Feat/second nic communication #3129

sesame0224 · 2026-01-08T22:10:16Z

What this PR does / why we need it

This PR proposes a new method for enabling direct data communication between Numaflow vertices, and describes the motivation, resource specifications and workflows.

Internal discussions are ongoing, so we will revise the doc as appropriate.

Related issues

#2990
This PR is an initial design derived from the above post.
We would like to discuss this with the community.

Testing

This PR includes only documentation, so no tests were performed.

Special notes for reviewers

Since base branch is wrong in #3125, I recreated this PR.

Signed-off-by: Kazuki Yamamoto <[email protected]>

codecov · 2026-01-08T22:21:37Z

Codecov Report

✅ All modified and coverable lines are covered by tests.
✅ Project coverage is 80.14%. Comparing base (7f28dc7) to head (d665ada).
⚠️ Report is 24 commits behind head on main.

Additional details and impacted files

@@            Coverage Diff             @@
##             main    #3129      +/-   ##
==========================================
+ Coverage   79.73%   80.14%   +0.41%     
==========================================
  Files         291      296       +5     
  Lines       65143    67530    +2387     
==========================================
+ Hits        51941    54122    +2181     
- Misses      12649    12858     +209     
+ Partials      553      550       -3

☔ View full report in Codecov by Sentry.
📢 Have feedback on the report? Share it here.

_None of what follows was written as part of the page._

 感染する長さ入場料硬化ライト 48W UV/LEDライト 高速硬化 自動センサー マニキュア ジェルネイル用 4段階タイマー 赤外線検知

🚀 New features to boost your workflow:

❄️ Test Analytics: Detect flaky tests, report on failures, and find test suite problems.
📦 JS Bundle Analysis: Save yourself from yourself by tracking and limiting bundle sizes in JS merges.

vigith · 2026-01-09T03:12:20Z

Thank you for putting this together. I have a couple of basic questions.

How do you replay a message if we rely purely on direct communication? E.g, if the pod in Vertex^N is talking to another pod in Vertex^N+1 and that pod in Vertex^N crashes due to a underlying node failure, then the message will be lost.
Today we use buffer so that the producer (Vertex^N) and the next vertex (Vertex^N+1) are decoupled. The reason we did this was because a pod could crash any time, but we have a buffer that is persistent which can be used by the Vertex^N+1 to read the data.
How do you know which pod in Vertex^N should talk to which pod in Vertex^N+1

sesame0224 · 2026-01-14T09:05:48Z

How do you replay a message if we rely purely on direct communication?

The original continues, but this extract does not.